We also need n faces, each with four vertices:


   face[i][0] =    i;
   face[i][1] = (i + 1) % n;
   face[i][2] = (i + 1) % n + n;
   face[i][3] =    i        + n;
 

Given a geometry object


   Geometry g = new Geometry();
 

you can implement the above logic by defining a method tube(int n) in the Geometry class. Implementing this method consists of filling in a geometry object's faces[] and vertices[] arrays as described above.

GLOBE

To create a sphere as a longitude/latitude globe, we again need to create an array of vertices, and also an array of faces that index into the vertices array. We can create a method in the Geometry class called globe(int m, int n) where m is the number of longitude steps around the equator of our polygon approximation to a sphere, and n is the number of steps from the south pole to the north pole.

Internally we allocate m × n vertices.

There is a little trickiness here because we are thinking of this as a two dimensional array of vertices, but our Geometry data structure for storing vertices is indexed by a single number. We are going to deal with this as follows: First we will act as though we really two have two indices (i,j) , and then we will come up with a single index I to describe the index pair (i,j) .

As we discussed in class, the location of a single vertex on the globe vi,j in is given by computing the polar coordinates:

θ = 2π i / m
φ = -π/2 + π j / (n-1)

x = cos θ cos φ
y = sin θ cos φ
z = sin φ

vi,j = { x , y , z ,   x , y , z }

 

Note that the normal vector for each vertex is the same as its location. This is only true in the special case where the shape is a unit sphere.

As we said above, we really need to this data into a singly-indexed array of vertices. We do that by defining a single array


   double vertices[ m * n ][6];
    

which is indexed by I = i + m * j. For convenience you mght want to define a function within the geometry object that does this mapping:

   double I(int i, int j) { return (i % m) + m * j; }
    

The faces will refer to this single index. The globe will have m × (n-1) faces, each with four vertices.

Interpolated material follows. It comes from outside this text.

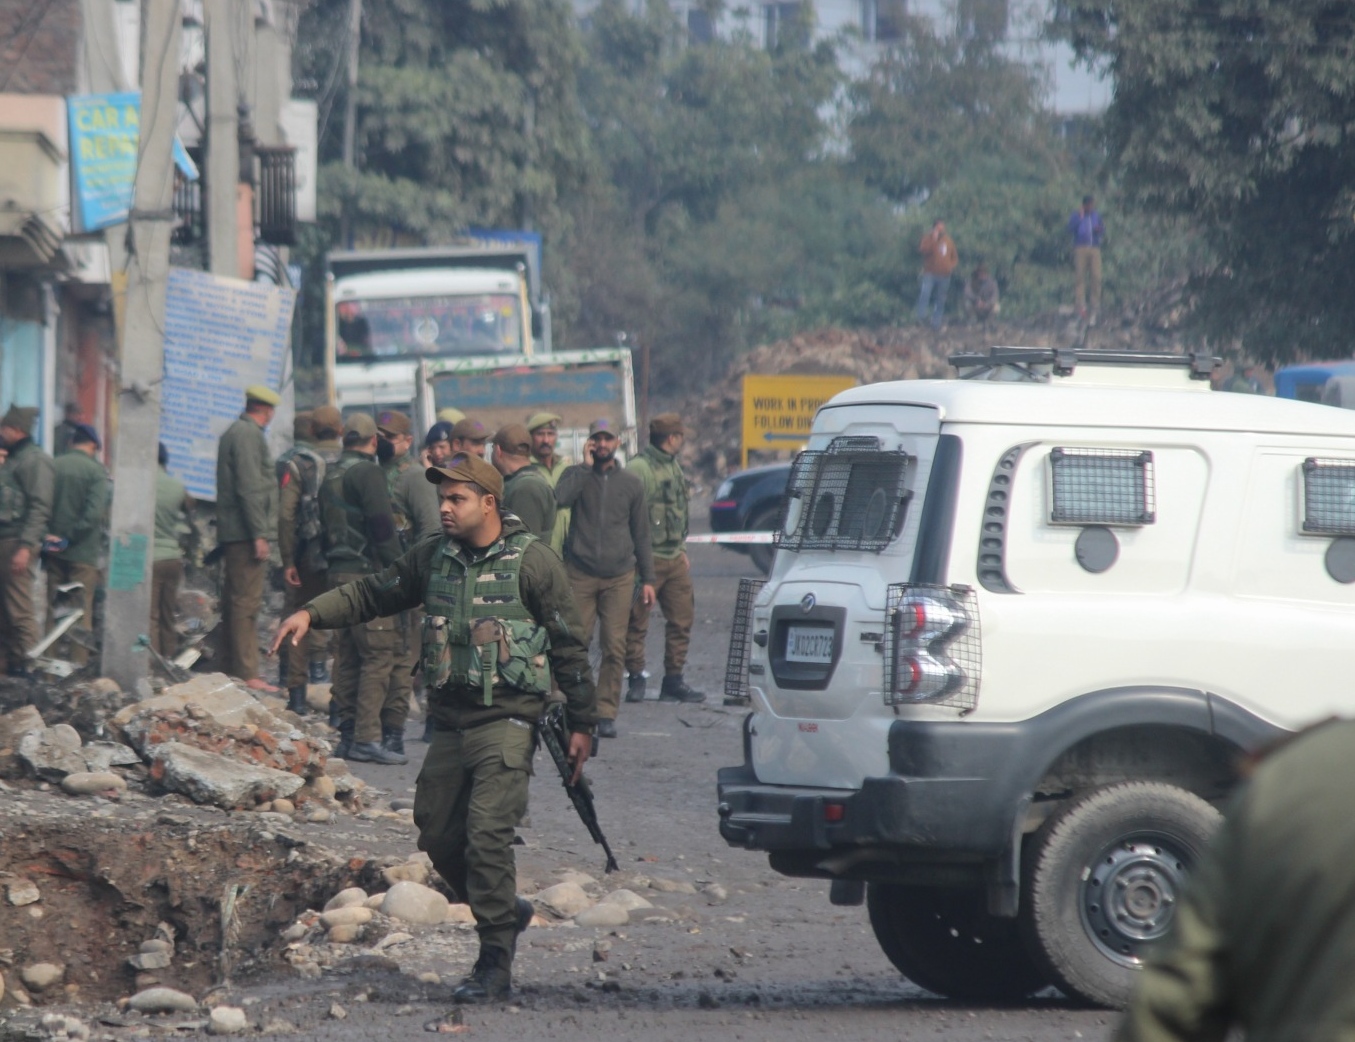 Civilian injured in Srinagar grenade explosion

   int faces[][] = new int[m * (n-1)][4];
    

Using our handy dandy index mapping function I(i,j), each face is described as a counterclockwise loop of four vertex indices:

   face[i + m * j][0] = I(i,j);
   face[i + m * j][1] = I(i+1,j);
   face[i + m * j][2] = I(i+1,j+1);
   face[i + m * j][3] = I(i,j+1);
 

DISK

A flat circular disk can be approximated by an n-sided polygon. In this case it is useful to introduce one extra vertex, in the center of the disk, so that you can define the disk as a ring of triangles. There will be n+1 vertices:

θ = 2π i / n

vi = { cos θ , sin θ , 0 ,   0 , 0 , 1 }     where     0 ≤ i < n

vn = { 0 , 0 , 0 ,   0 , 0, 1 }

 

Rather than one giant polygon, it is better to use n triangular faces:


   int i1 = (i + 1) % n;
   face[i][0] = i;
   face[i][1] = (i + 1) % n;
   face[i][2] = n;
    

CYLINDER WITH END-CAPS

You can make a closed cylinder adding extra vertices and faces to your open tube. Instead of 2n vertices and n rectangular faces, you have all that plus the vertices and faces you would need for two sets of disks (one for the front and one for the back).

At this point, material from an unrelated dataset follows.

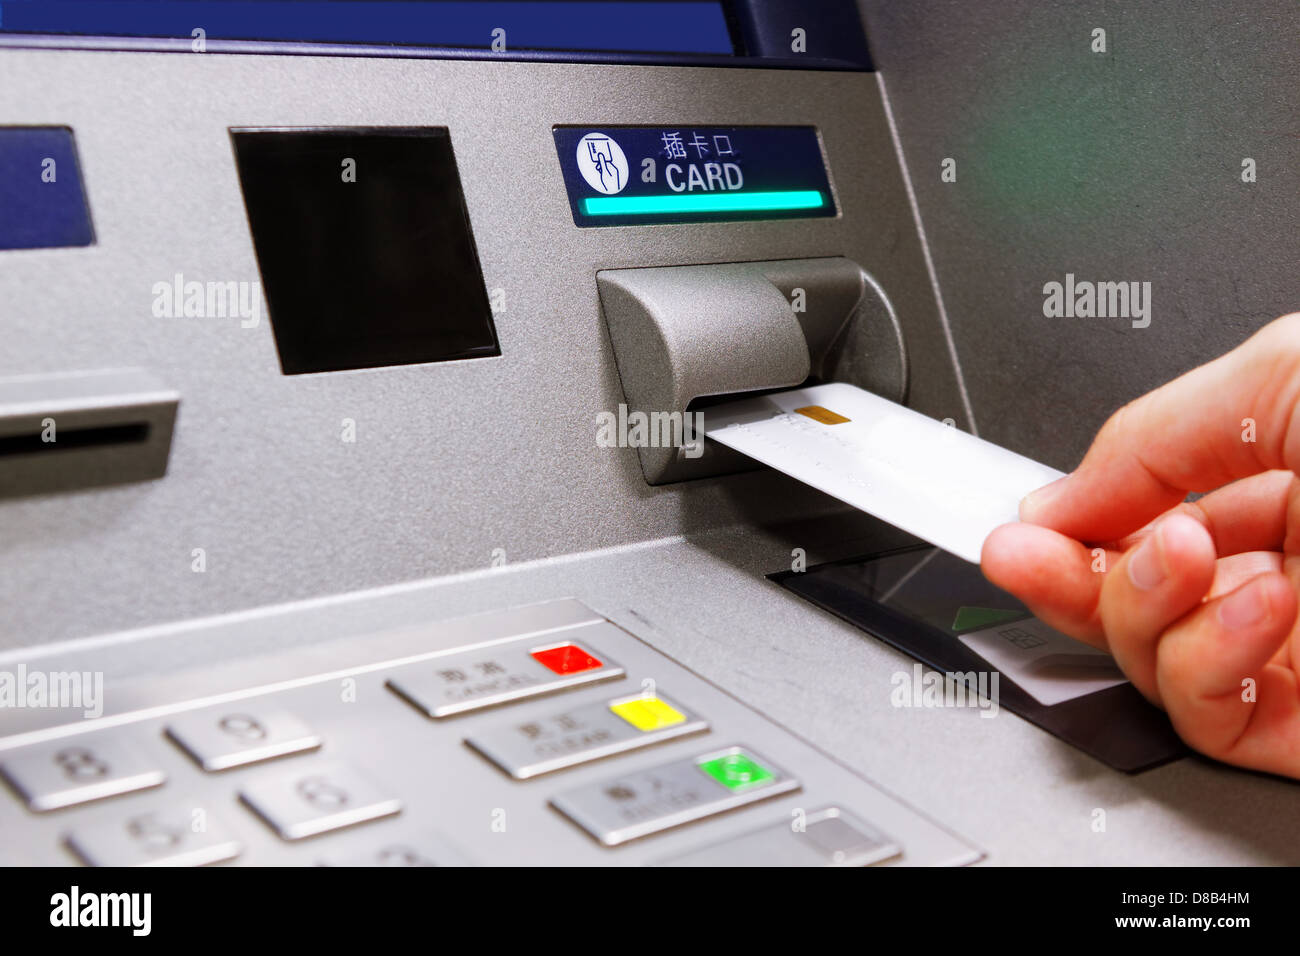 insert card in a ATM machine Stock Photo

So you need a total of 2n + n+1 + n+1 = 4n + 2 vertices, and a total of n rectangular faces, plus 2n triangular faces.

HOMEWORK

Your assignment, due next Wednesday, February 25, is to implement some of these shapes - as many as you can - and to make a cool and fun animated scene using them. Also, see if you can make other sorts of shapes, like extruded shapes with non-circualar cross-section, such as an elliptical cylinder, or a cylinder with a star-shaped cross-section.

If you are ambitious, you might also try a torus. The location of one surface point on a torus is as follows:

x = cos θ (R + r cos φ)
y = sin θ (R + r cos φ)
z = r sin φ
 

where R is the radius of the large ring, and r is the radius (ie half-thickness) of the tube.